> PROVIDED DATA
───
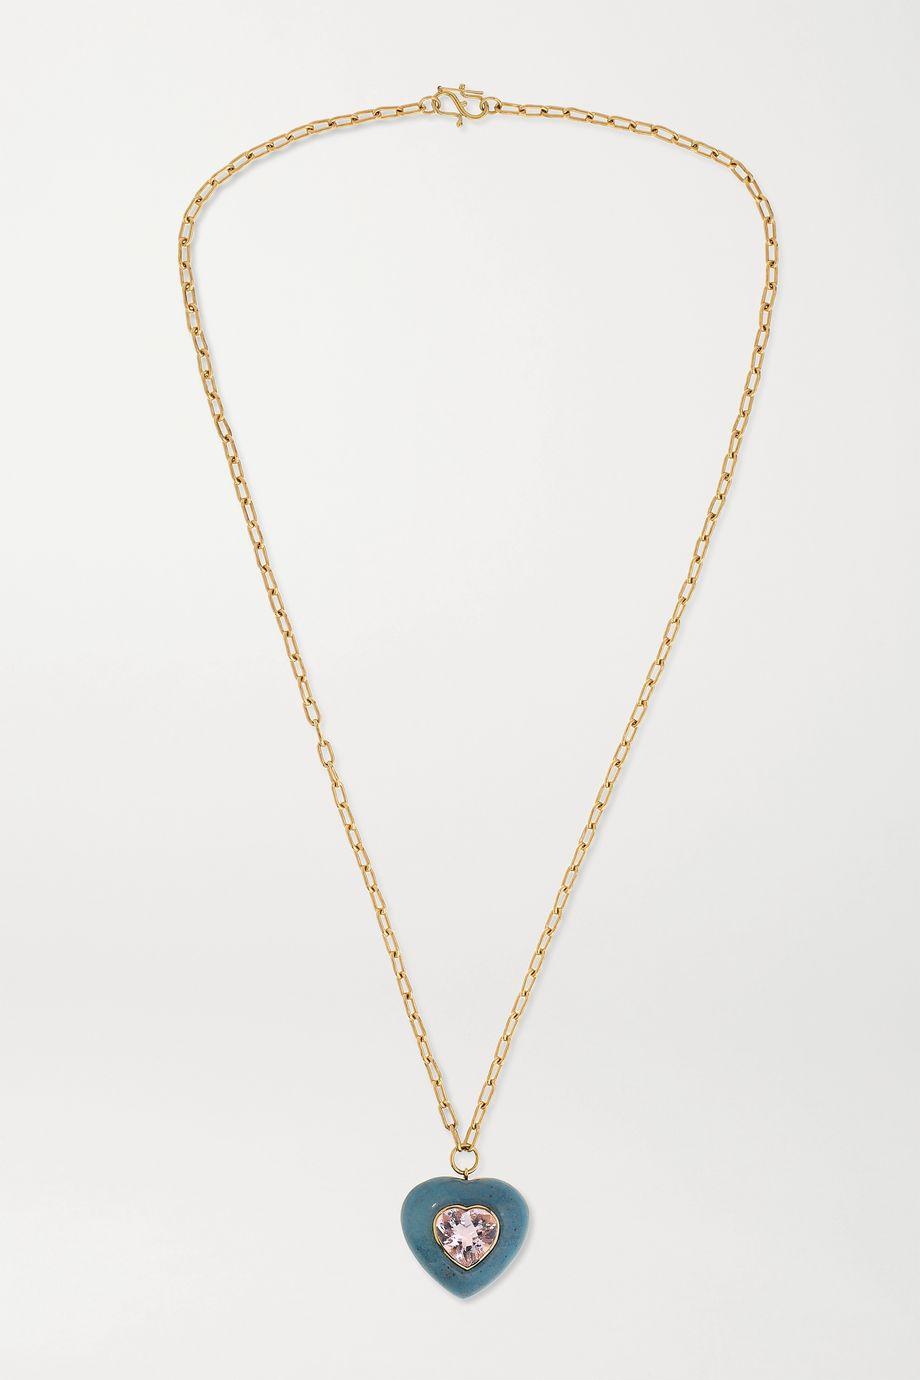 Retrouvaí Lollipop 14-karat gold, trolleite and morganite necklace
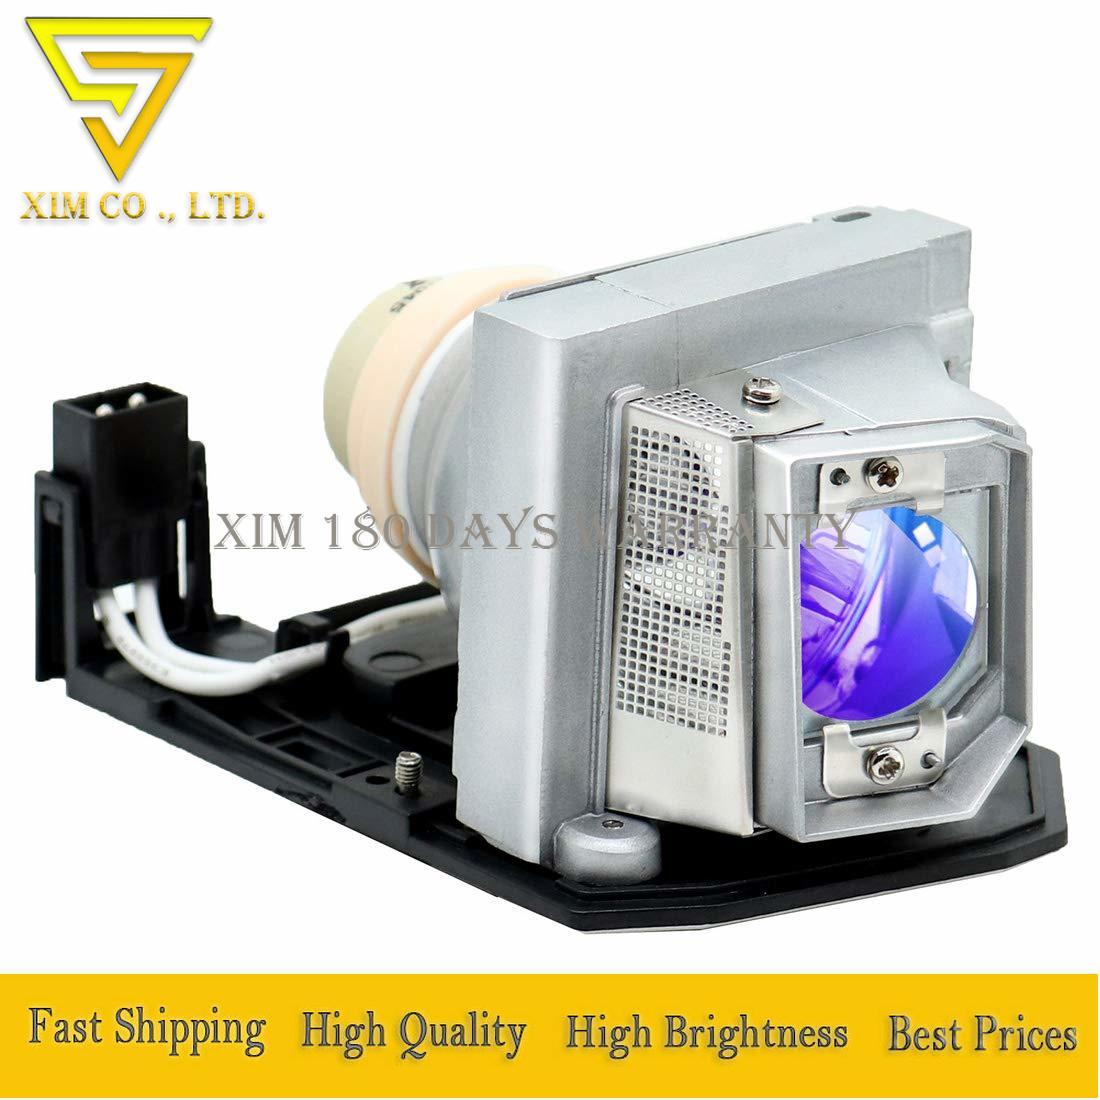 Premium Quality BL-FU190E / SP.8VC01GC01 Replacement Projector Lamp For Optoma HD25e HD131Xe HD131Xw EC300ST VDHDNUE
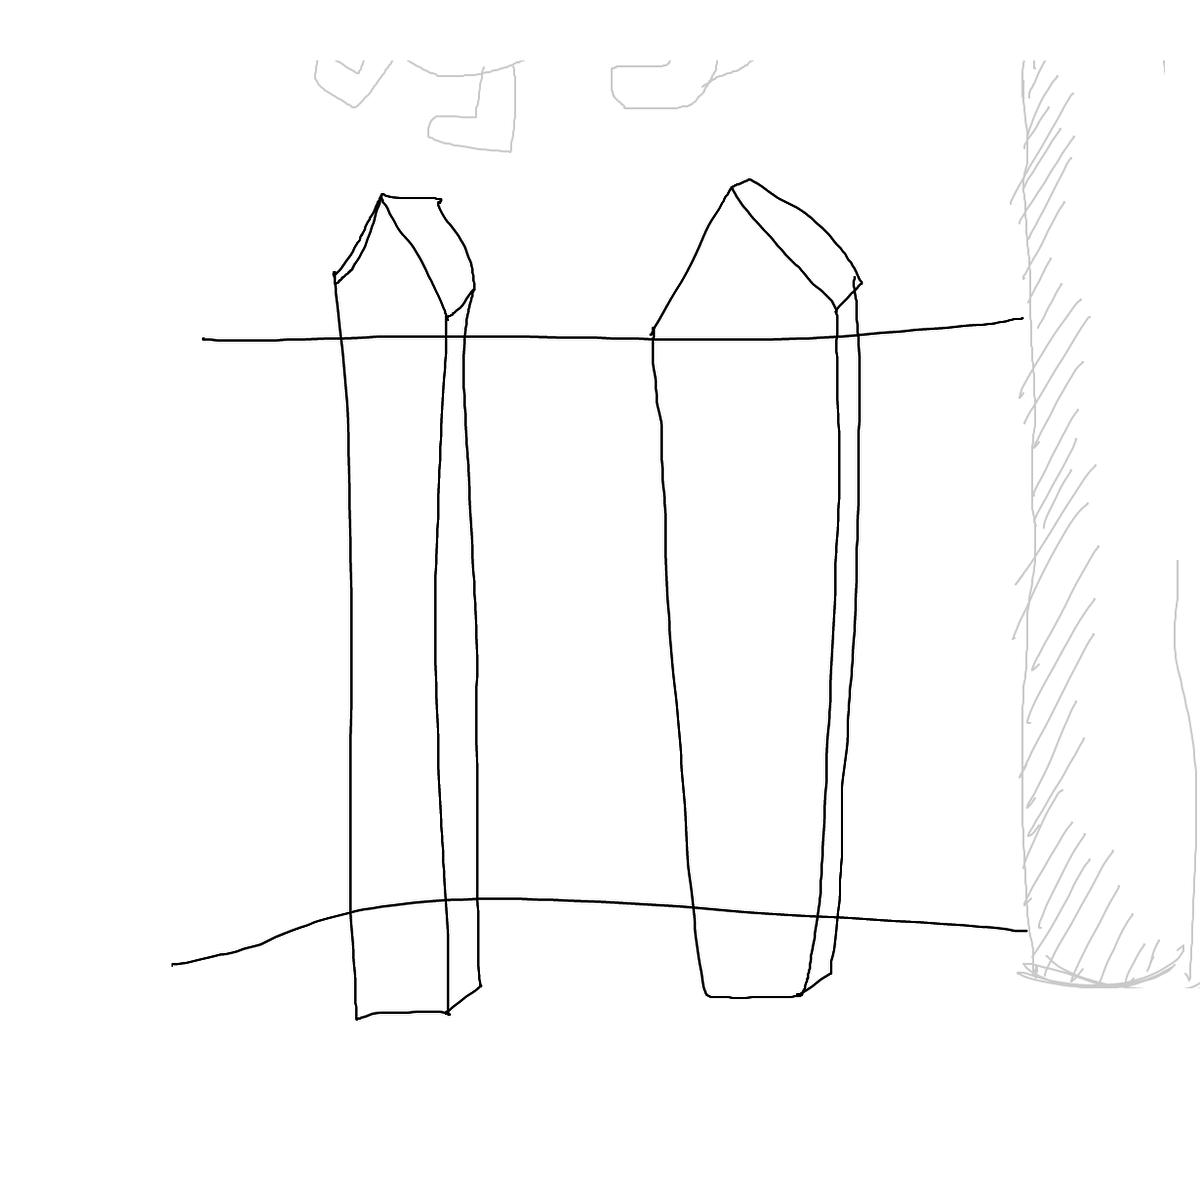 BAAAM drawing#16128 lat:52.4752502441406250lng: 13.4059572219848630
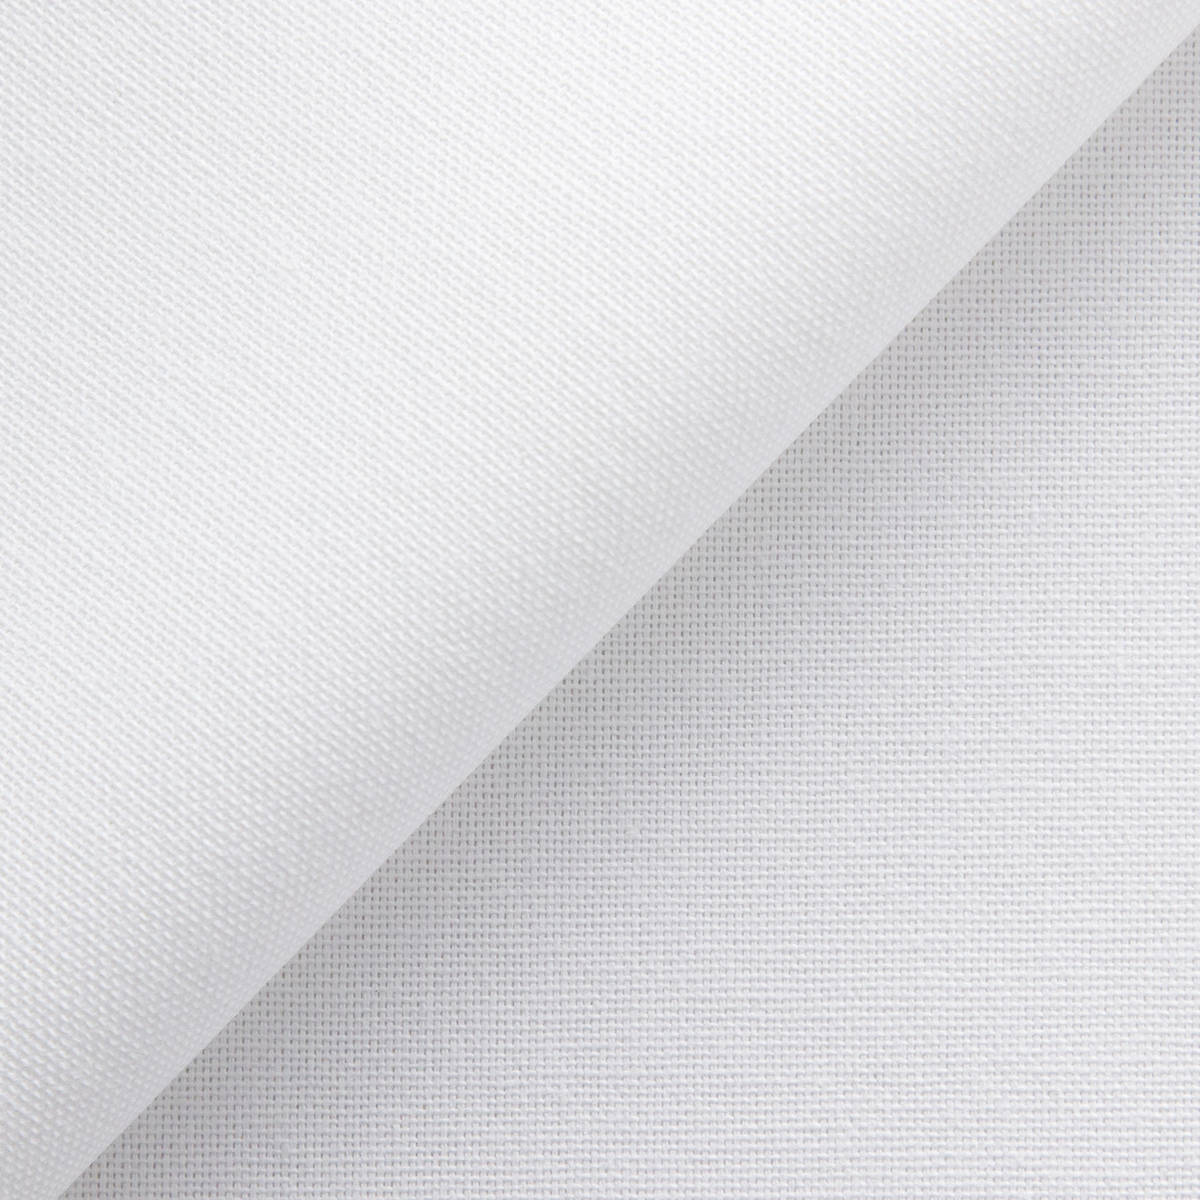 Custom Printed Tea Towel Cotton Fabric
───
> ASSIGNMENT
Produce a word-for-word version of the material, with no pictures included.

> YOUR RESPONSE
 Retrouvaí Lollipop 14-karat gold, trolleite and morganite necklace
 Premium Quality BL-FU190E / SP.8VC01GC01 Replacement Projector Lamp For Optoma HD25e HD131Xe HD131Xw EC300ST VDHDNUE
 BAAAM drawing#16128 lat:52.4752502441406250lng: 13.4059572219848630
 Custom Printed Tea Towel Cotton Fabric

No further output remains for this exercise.